Good Morning/Afternoon/Evening/Night(whichever one it is in your part of the world),

Hi! I'm Knight Hardy here on a mission to ensure that all works on YWS has at least two reviews. You will probably never see this but....Imma do this anyway.

First Impression: So this one...it was pretty confusing to me actually. I didn't really get what was going on and it seemed like some nice description and subtle hints just mixed in with a bit of a confusing ending and unclear bits and pieces especially with those names that appeared out of nowhere.

Anyway let's get right to it,

I wanted to scream, mainly because he was hurting me. All the lies I forced myself believe suddenly become so real. They pushed into my chest, I could feel my very own ribs collapsing. And he just smiled.


Oooooh this is certainly a very interesting place to start things off. It certainly grabs the reader's attention immediately. That's nice to see.

So I smiled back. It wasn’t forced, I was happy he had for once noticed the tears in my eyes.

And that’s how it always was.

Tears welling in my eyes until he smiled.

He smiled every time.


That is such a brutal little detail that you've added in there. It's so simple yet it does a wonderful job to showcase just how the relationship between these two must be.

It was right now, with him sitting smugly on his bike leaning his freckled arms on the handlebars, that I wanted to know exactly what love was.

His hair was blonde, with copper streaks riddled through it. He flicked it over his forehead, exactly how I loved it.


That's a great description that you've got there for this character.

He loved animals. His hands had held water pythons and turtles, ladybugs and dragonflies had crawled on his hands.

But the only thing that he need to hold was me.

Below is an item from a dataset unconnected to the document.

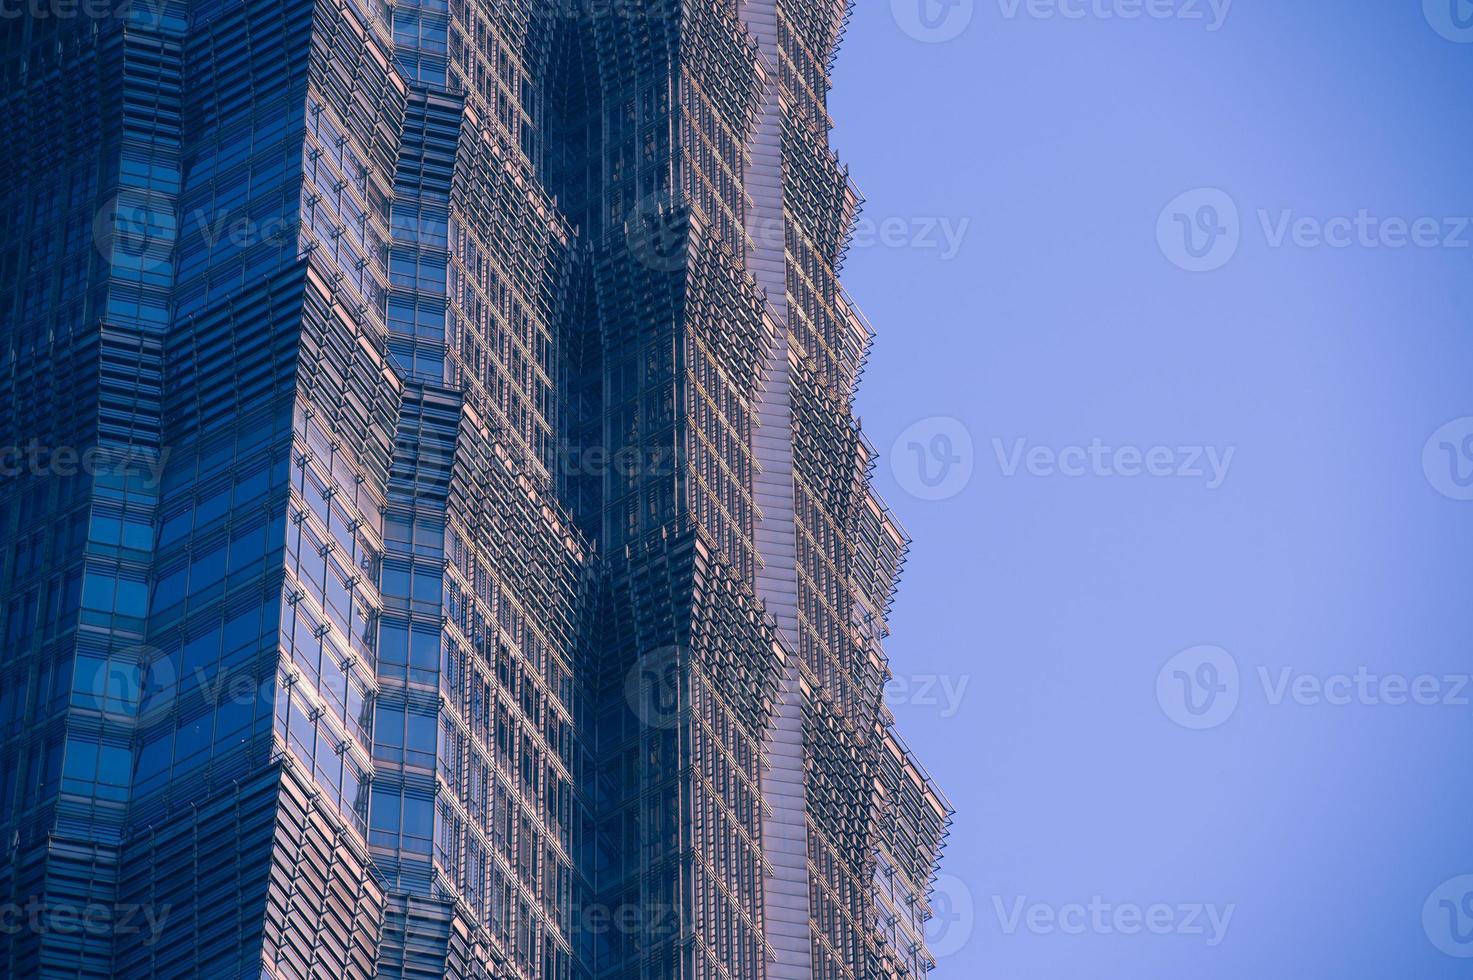 Wand von Bürogebäuden Nahaufnahme, Shanghai, der Jinmao-Turm foto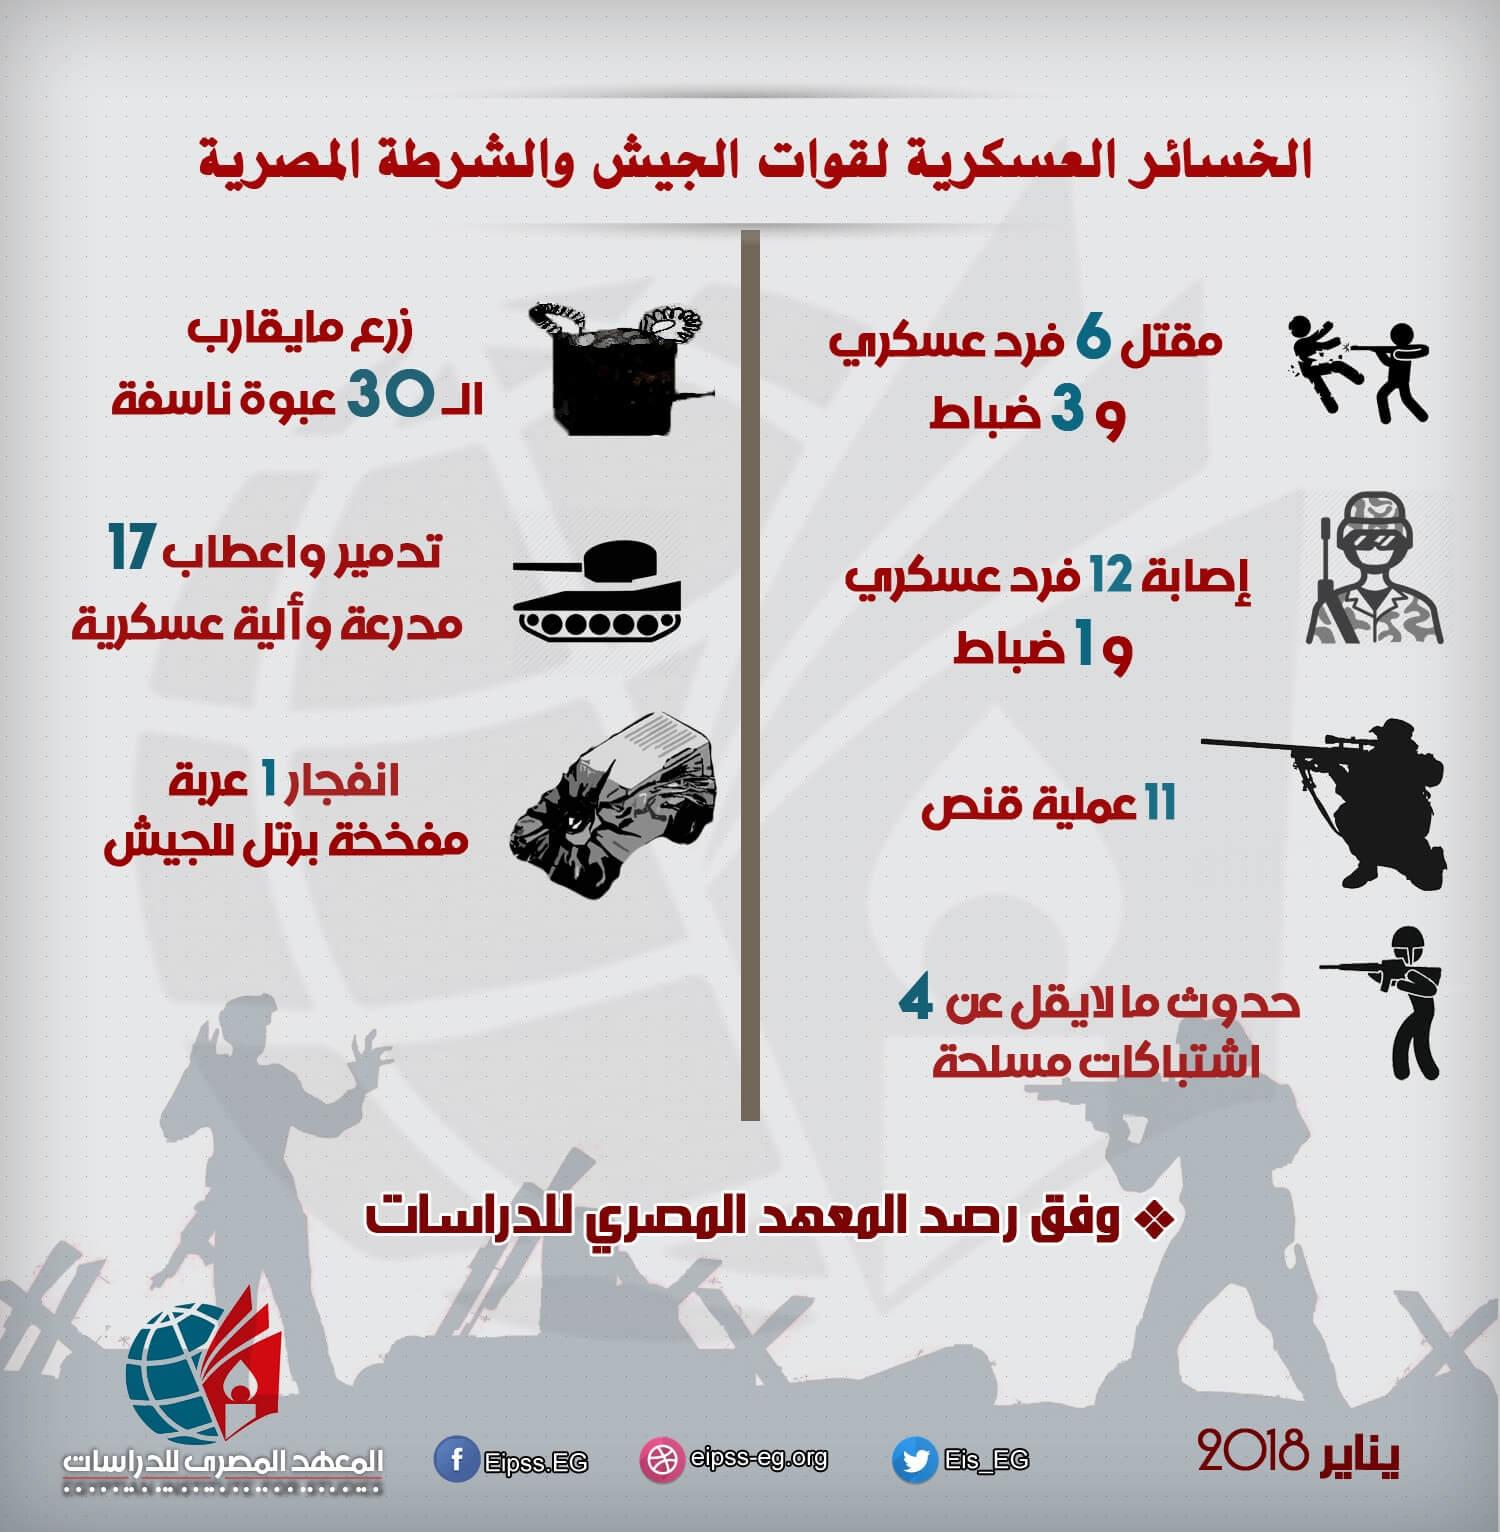 خسائر الجيش والشرطة في سيناء

I think that should be needed there. And that is a pretty interesting character trait to add in there.

I don’t want to be alone.

And I smiled.

I’ll never let you go.

I shook my head. Snap out of it Shay. He smiled once again.

Bye.

Goodbye Darcy.


Well that was a slightly confusing ending there. I'm not really sure what is happening at the moment. It might be because of the sudden use of names but somehow I can't really place what that part is supposed to be. However you do a pretty good job with showing something that from what I can decipher was maybe some kind of rejection or a lover that has to leave for some reason. I am not too sure but that's what I got anyway.

Aaaaand that's it for this one.

Overall: Overall I think I got sort of what it means on like the third read through but it still isn't too clear. Nonetheless the language was still pretty good so there's that. And that's about all I have to say. A bit of a short review for this pretty short piece.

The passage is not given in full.